» **YOUR INSTRUCTIONS**:
Each line from the one containing "Inovatorio logo" to the last line of the listing below is to be duplicated exactly, and no picture is to be carried over.

» **SUPPLIED DATA**:
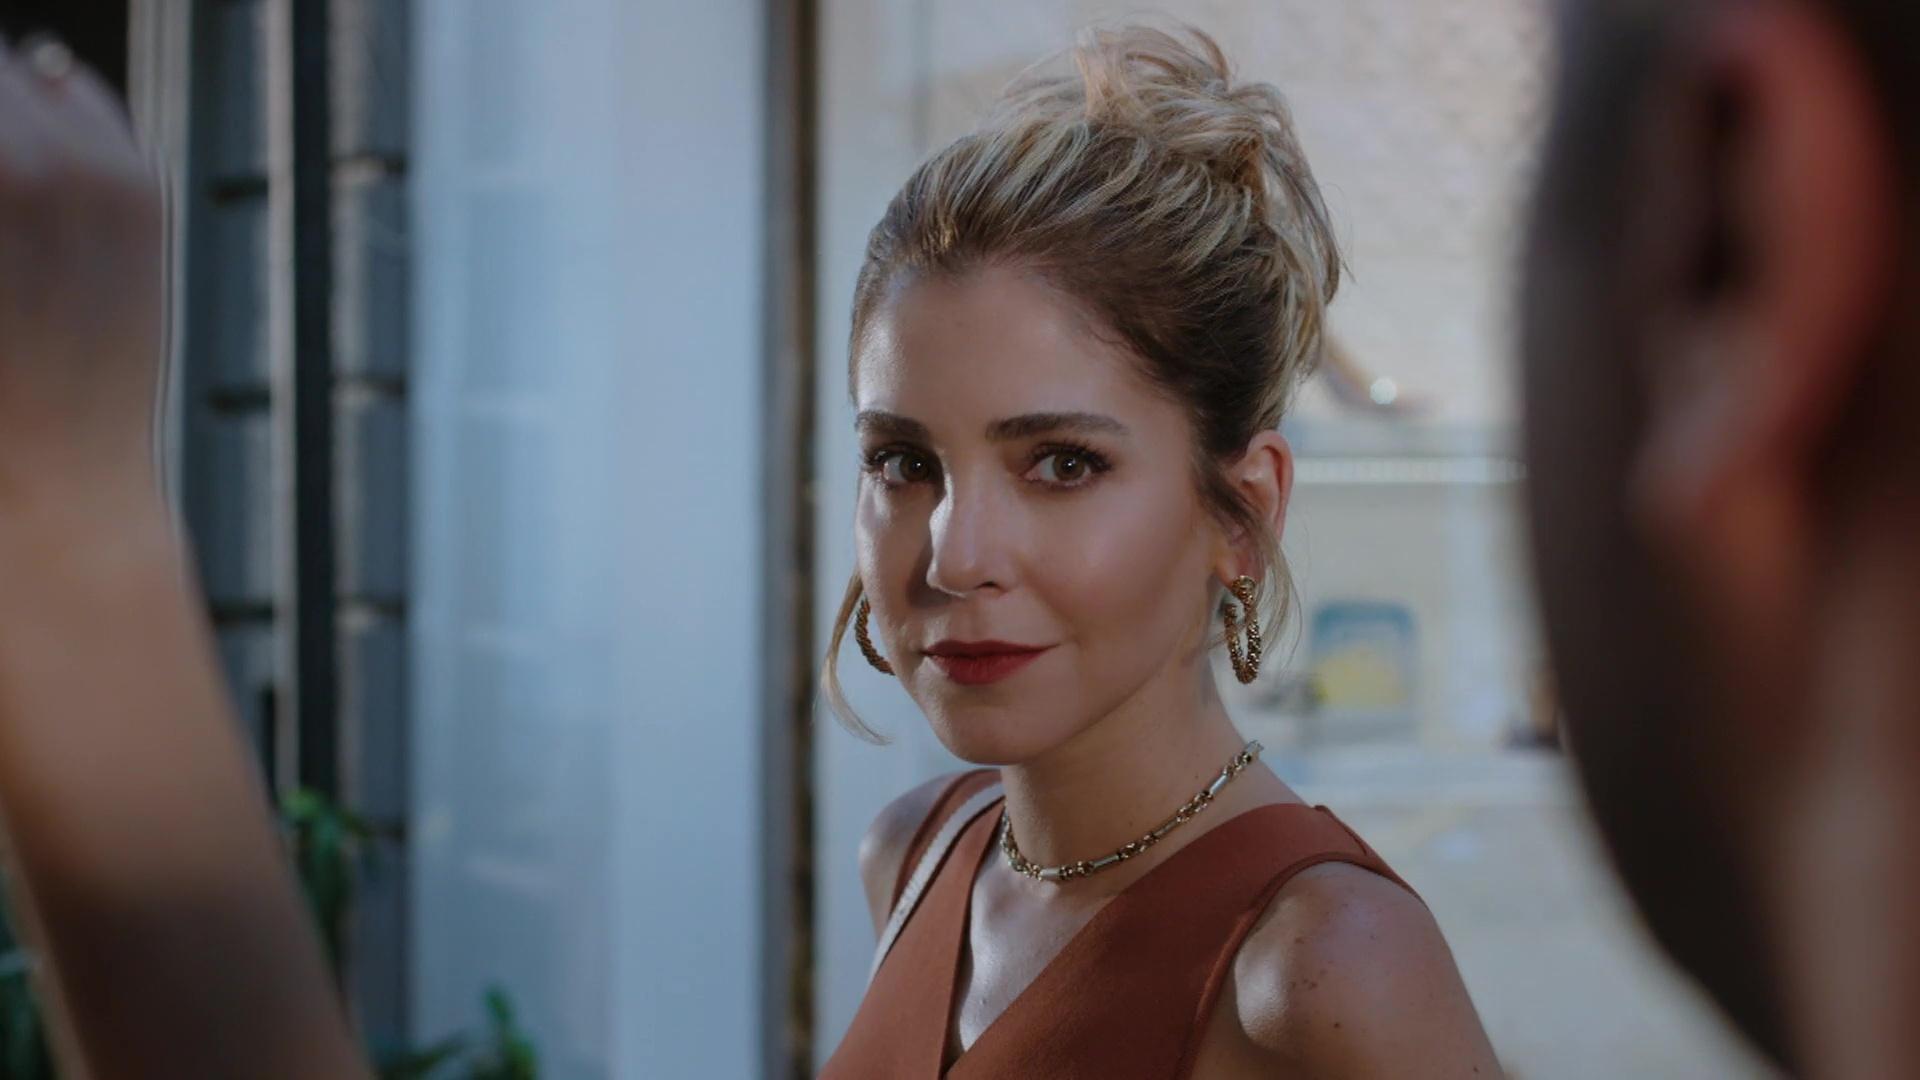 Sanem Cevher (played by Gokce Eyuboglu) is Azra's hard-headed sister
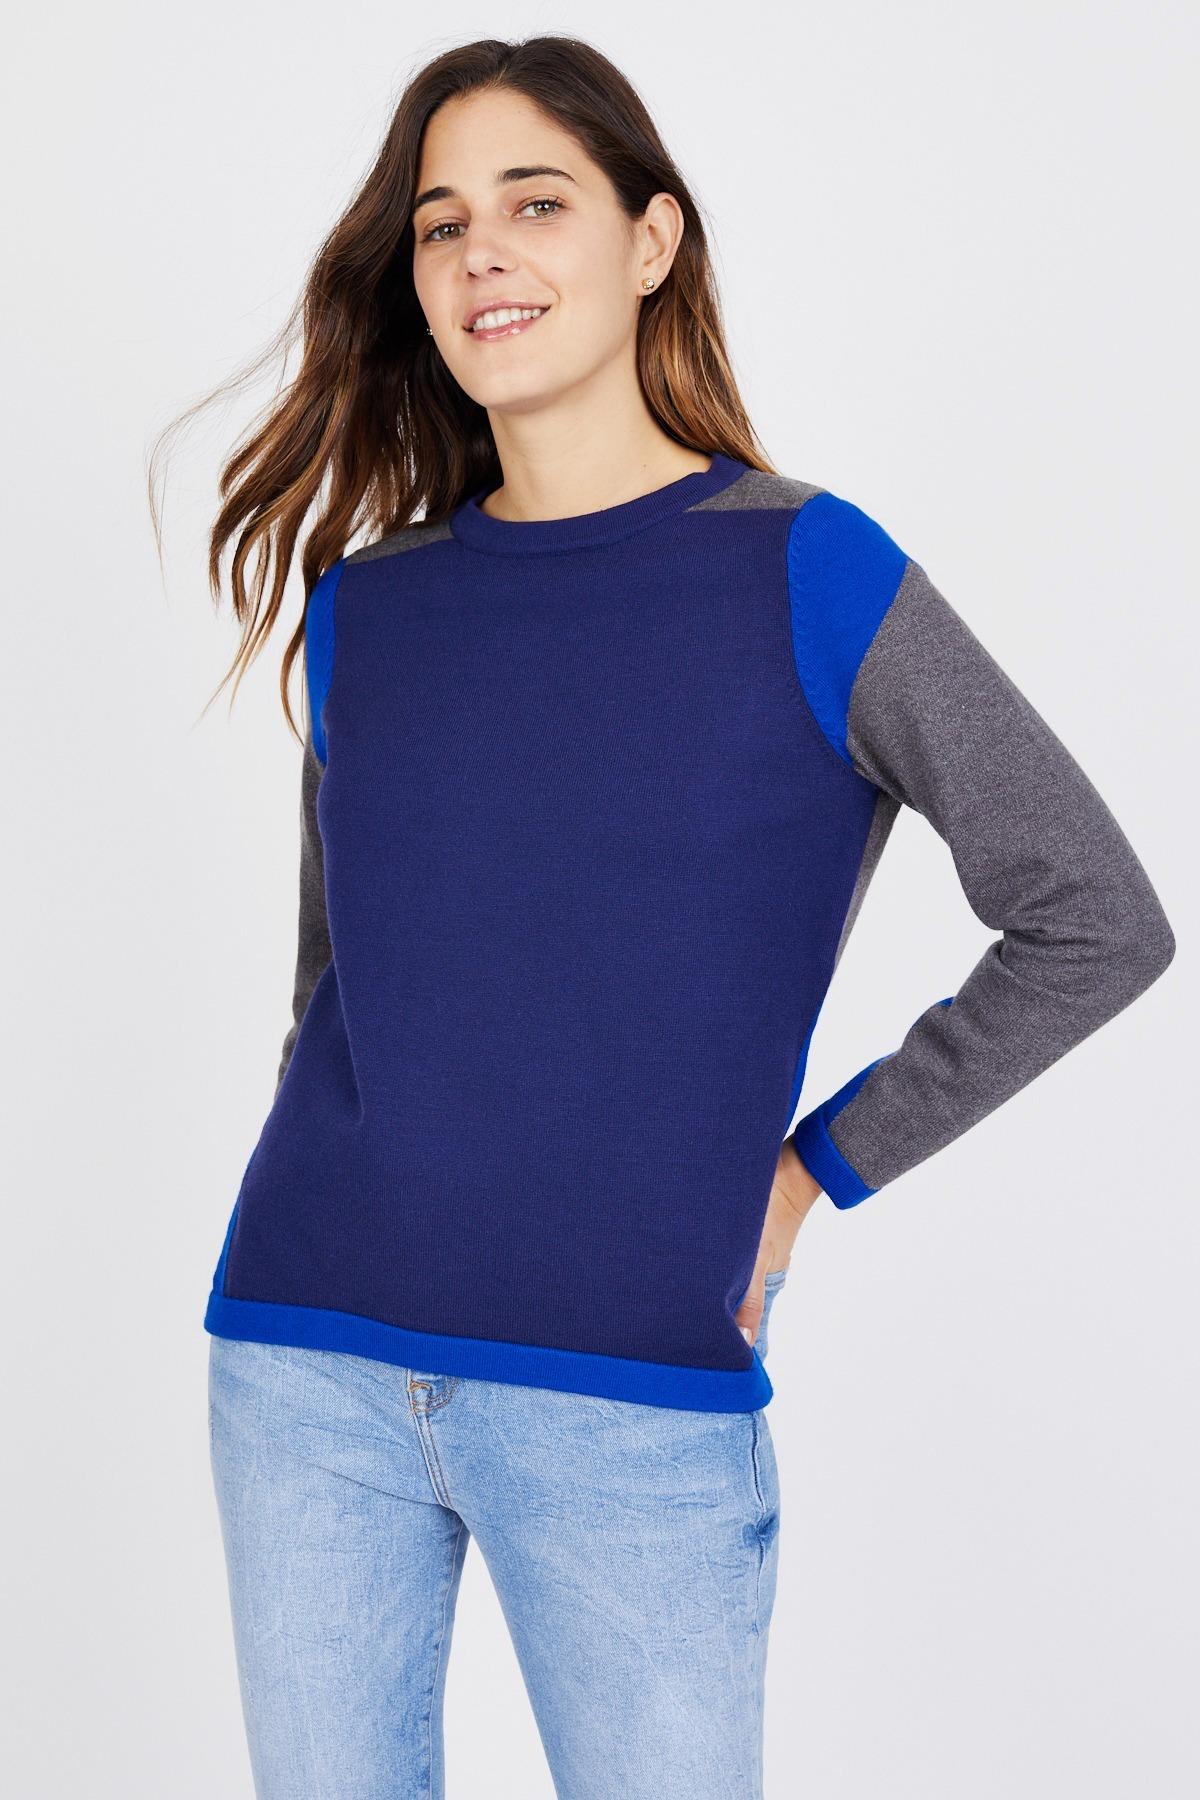 2b9de27c8eff Color Block Crewneck Sweater by Summer   Sage - Rent Clothes with Le ...
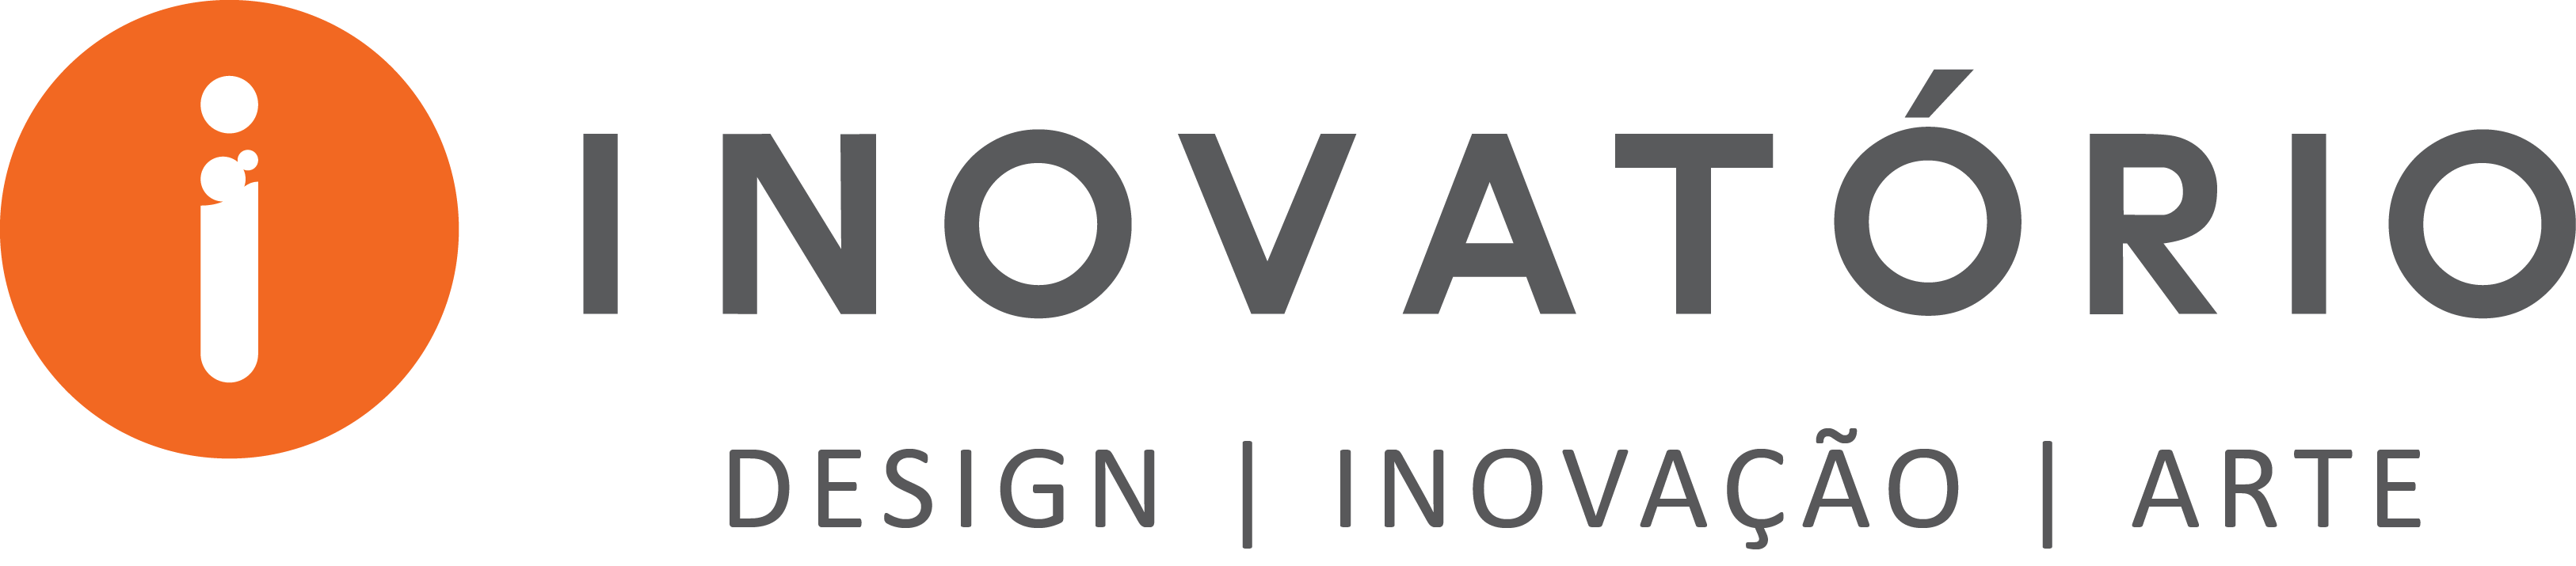 Inovatorio logo
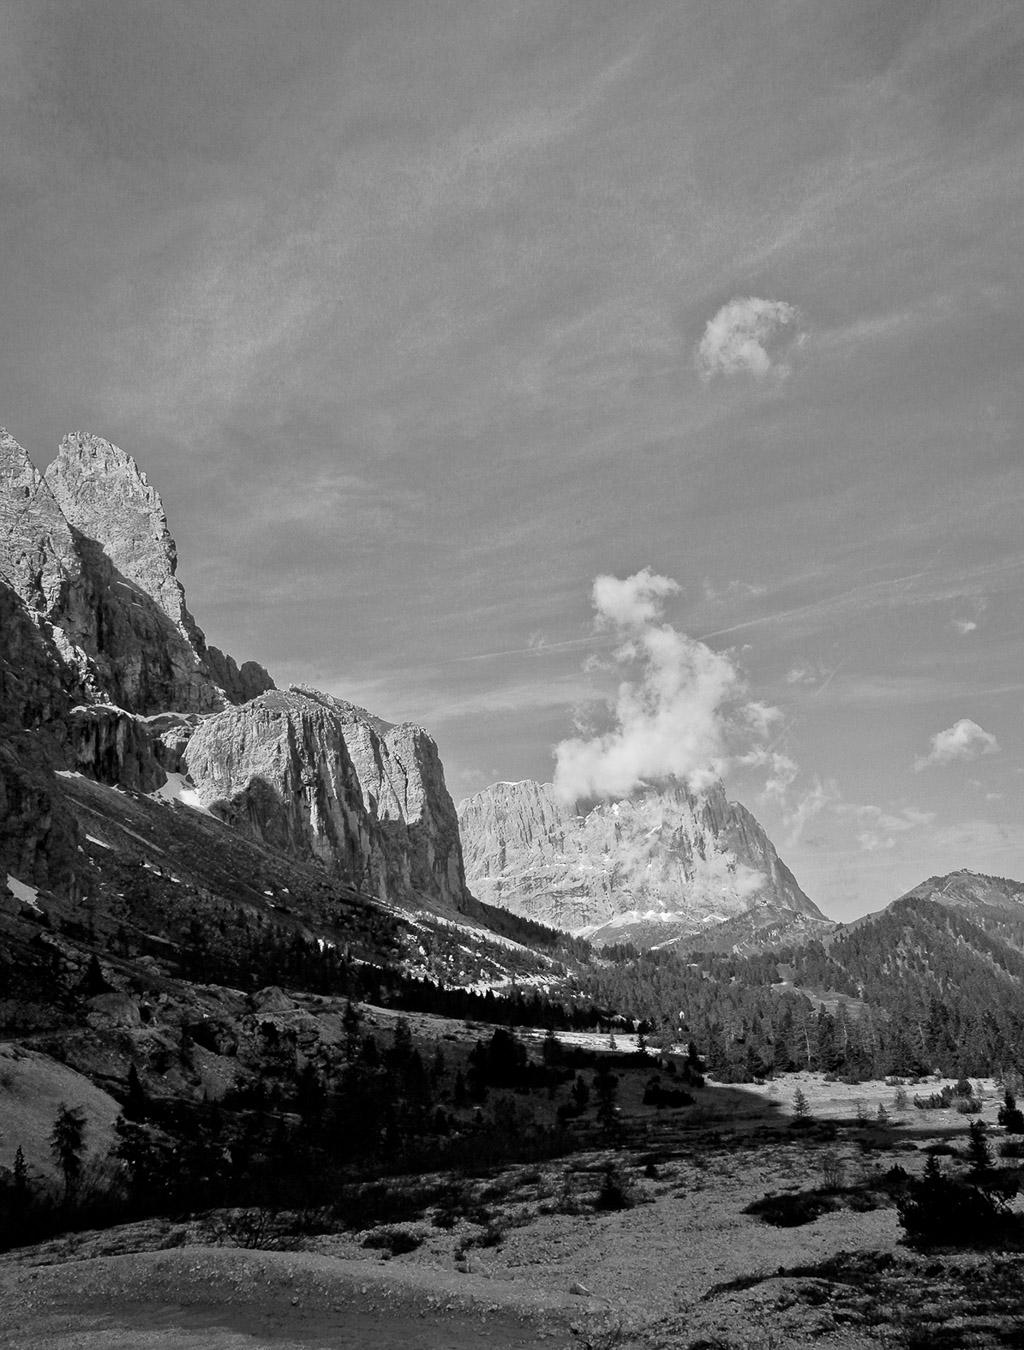 Dolomites, Italy 2012
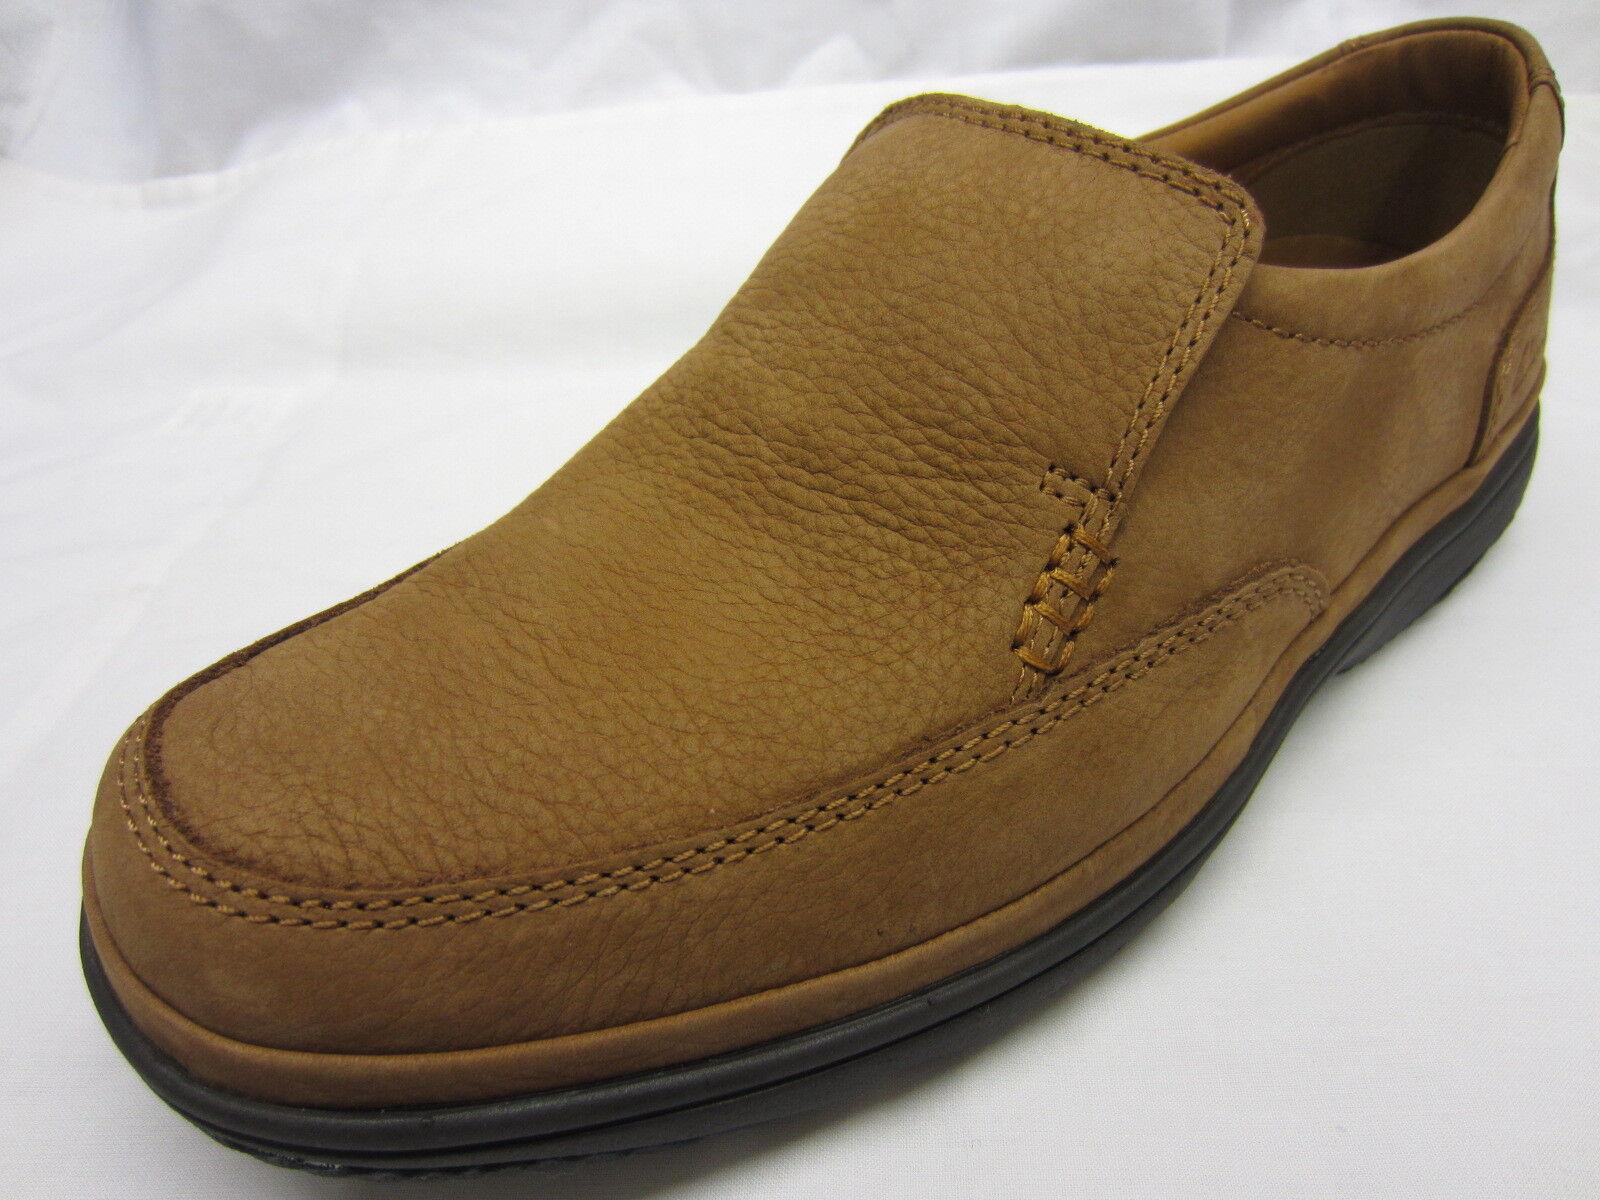 Scarpe casual da uomo  Clarks 'Swift Step' uomos Tan Nubuck Scarpe Slip-On Di Pelle

» **RESULT FOR THIS EXERCISE**:
 Inovatorio logo
 Dolomites, Italy 2012
 Scarpe casual da uomo  Clarks 'Swift Step' uomos Tan Nubuck Scarpe Slip-On Di Pelle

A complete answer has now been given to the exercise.